Produce a word-for-word copy of the lines from the one that contains "webhook_execustions_search.png" to the final line of the data below, with all pictures dropped.

- [Data below]
————

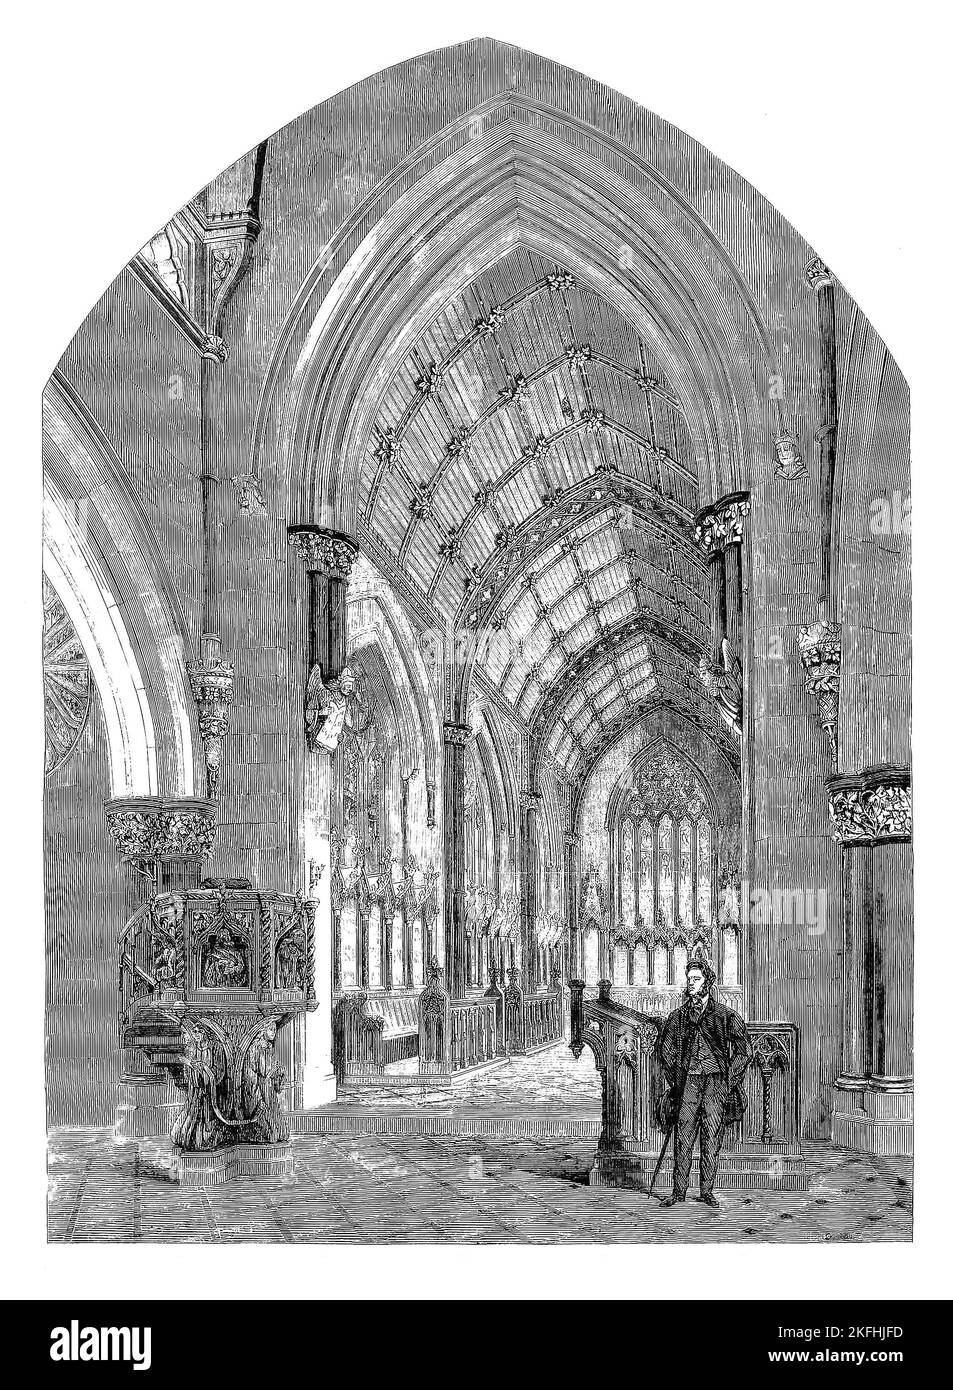 A mid-19th century view of St Margaret's Church (nicknamed The Marble Church), Bodelwyddan, St Asaph,  in the lower Vale of Clwyd in Denbighshire, Wales. The Decorated Gothic Style parish church was designed by John Gibson and consecrated by the Bishop of St Asaph on 23 August 1860. The church contains fourteen varieties of marble and elaborate woodwork. Stock Photo
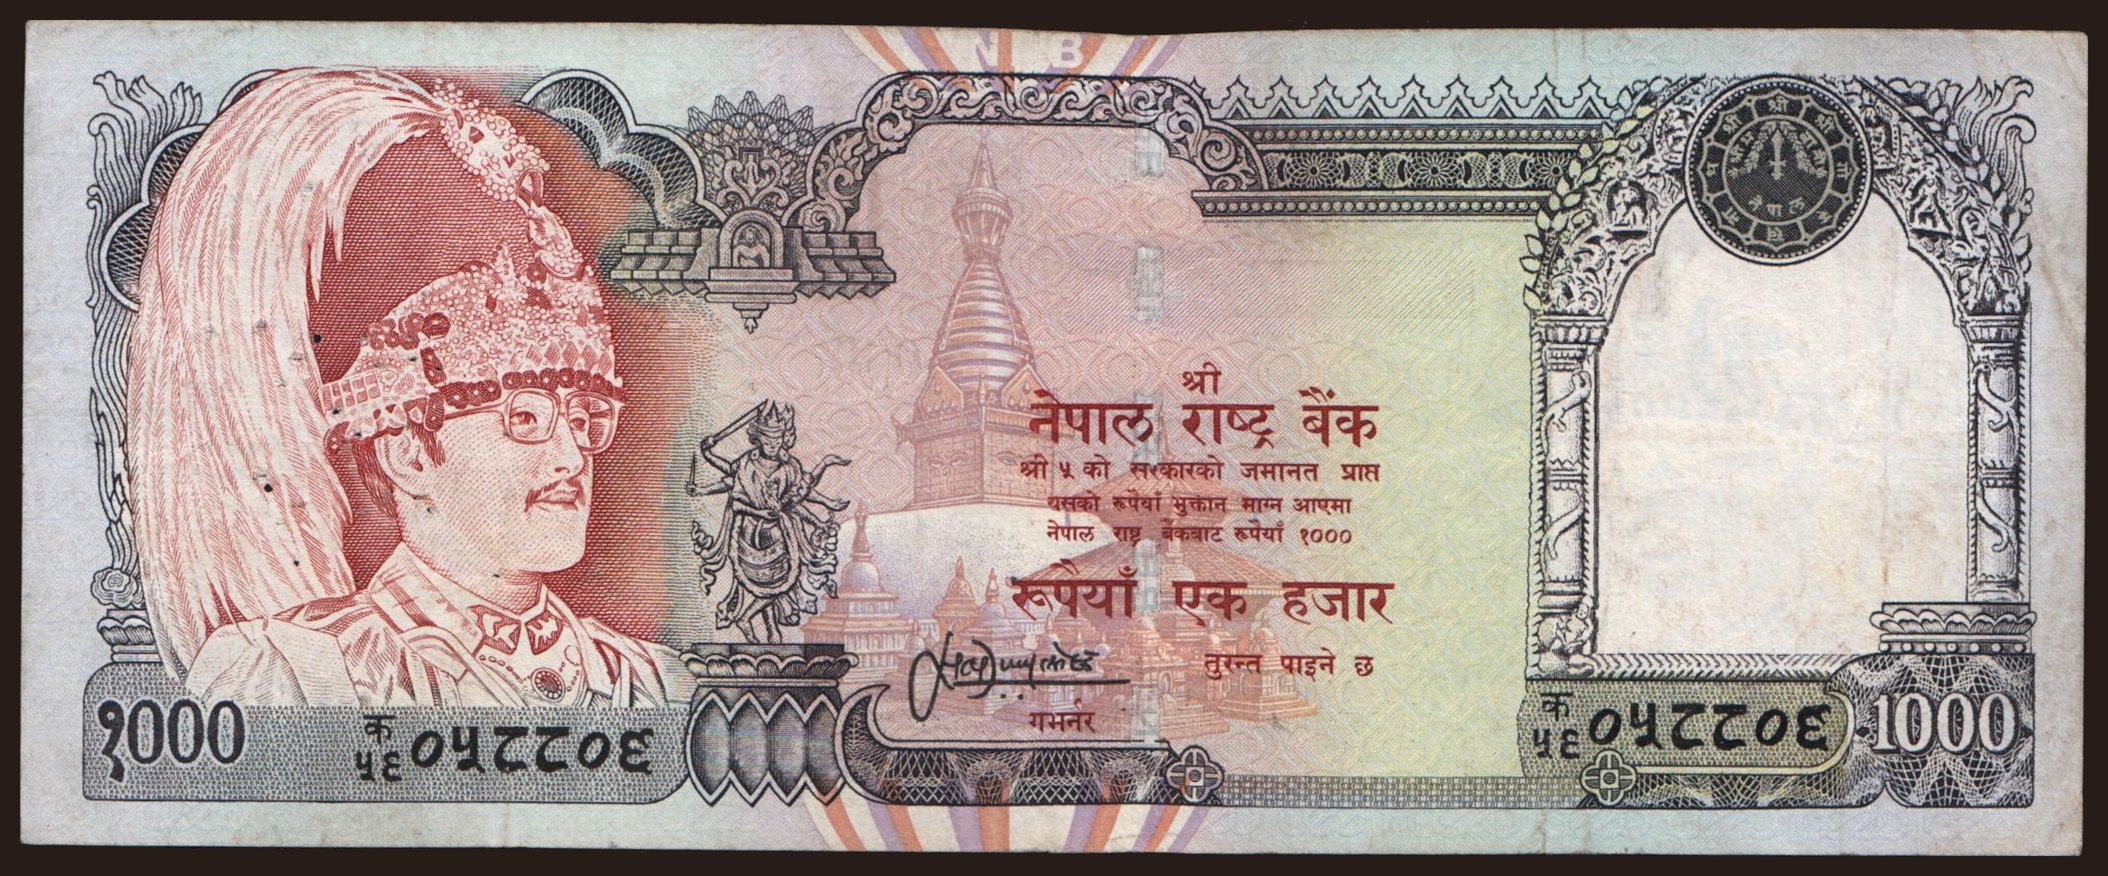 1000 rupees, 1996
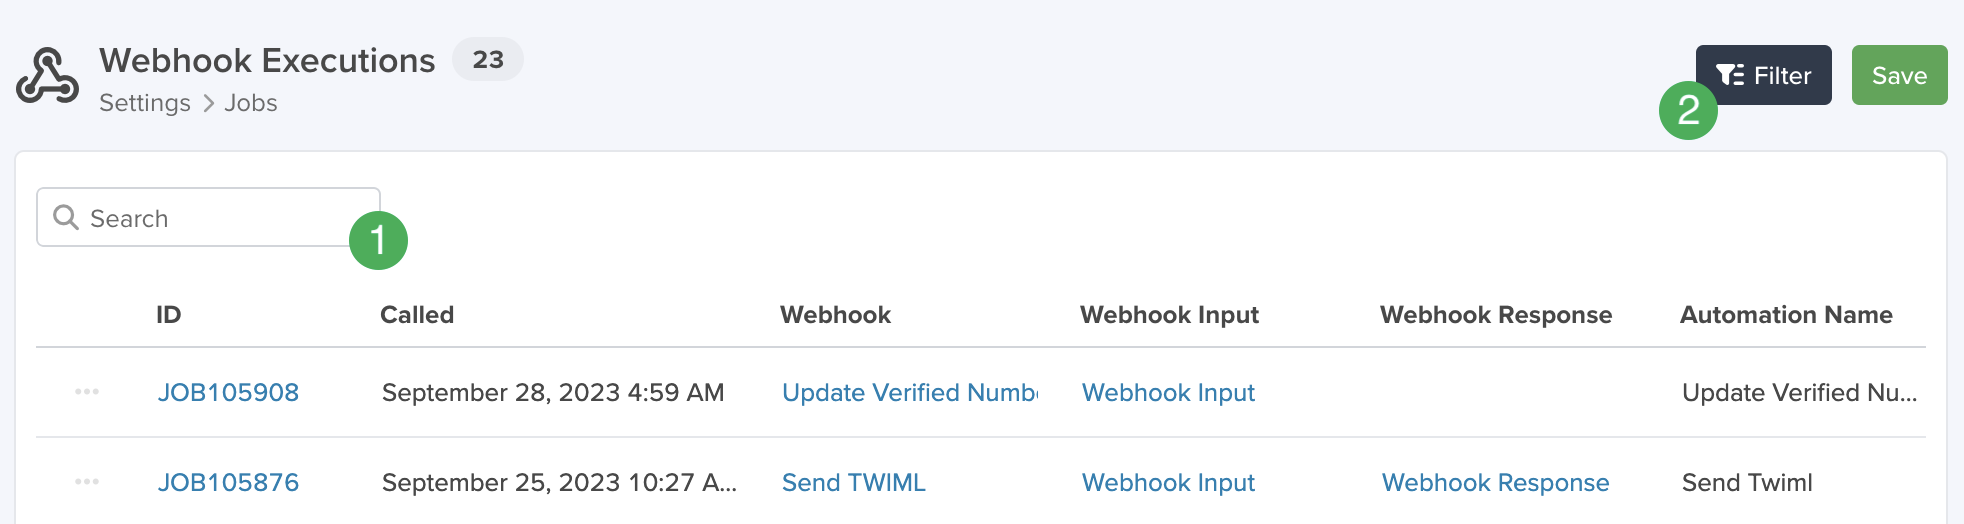 webhook_execustions_search.png
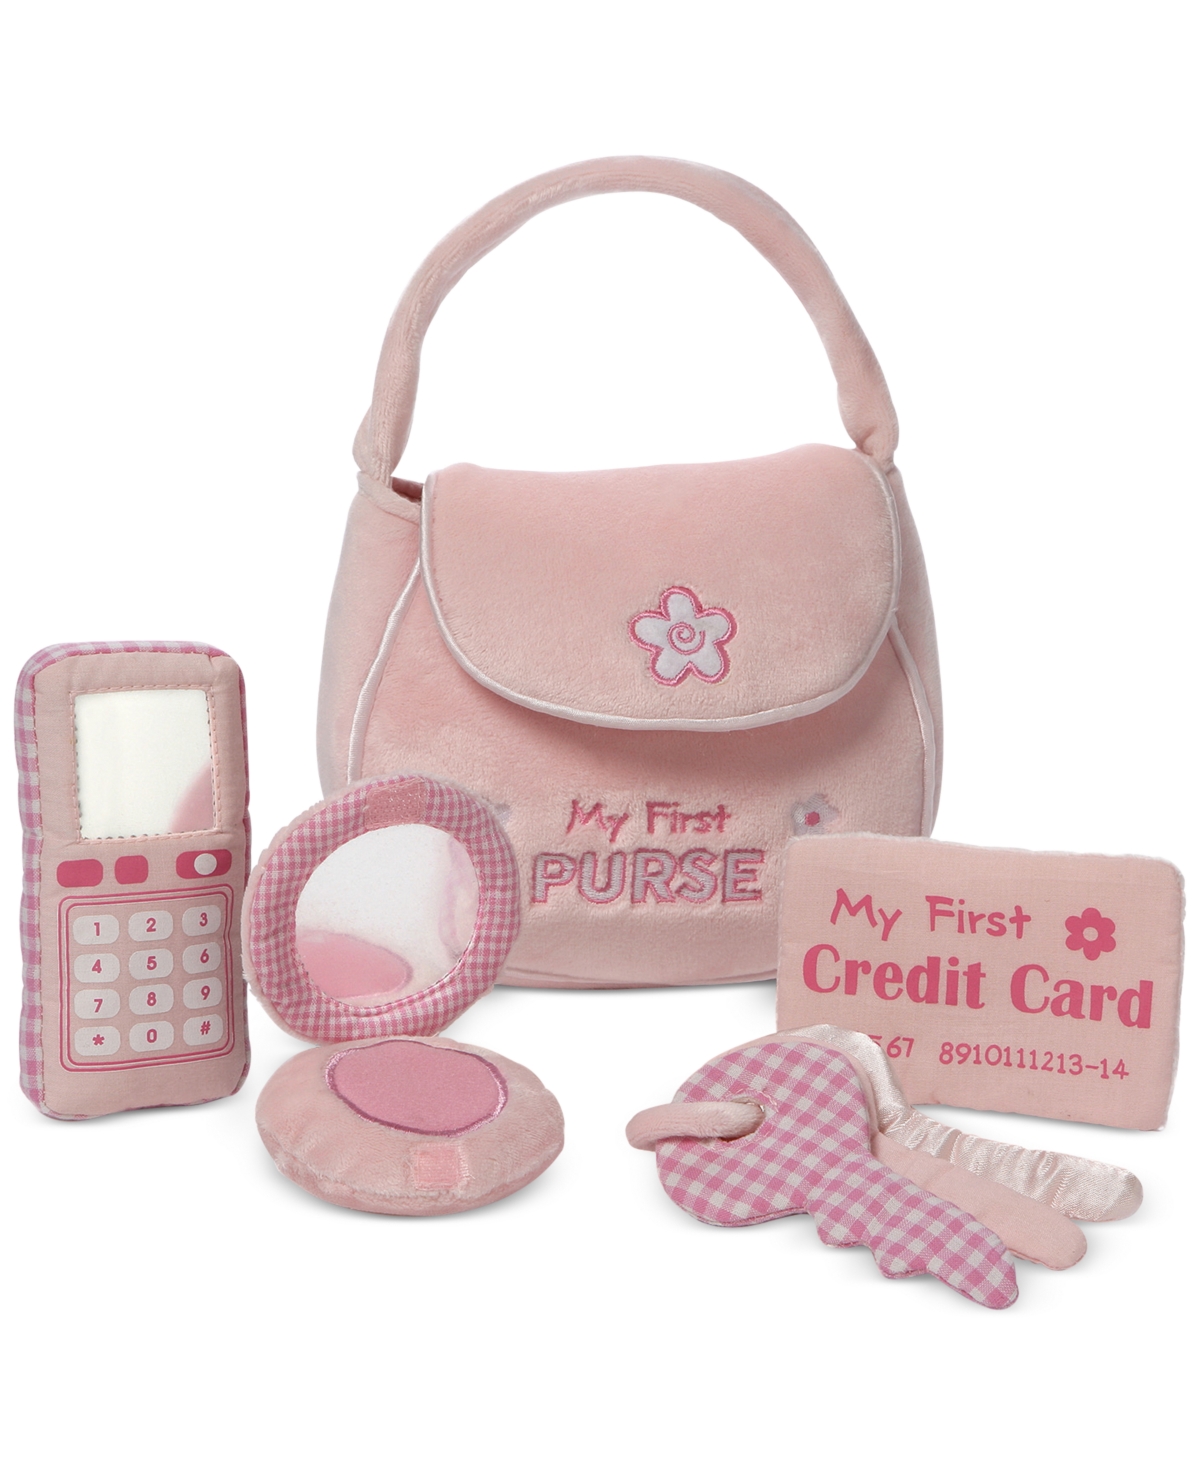 UPC 028399071555 product image for Gund Baby My First Purse Playset Toy | upcitemdb.com

————

- [Task answer]
 webhook_execustions_search.png
 UPC 028399071555 product image for Gund Baby My First Purse Playset Toy | upcitemdb.com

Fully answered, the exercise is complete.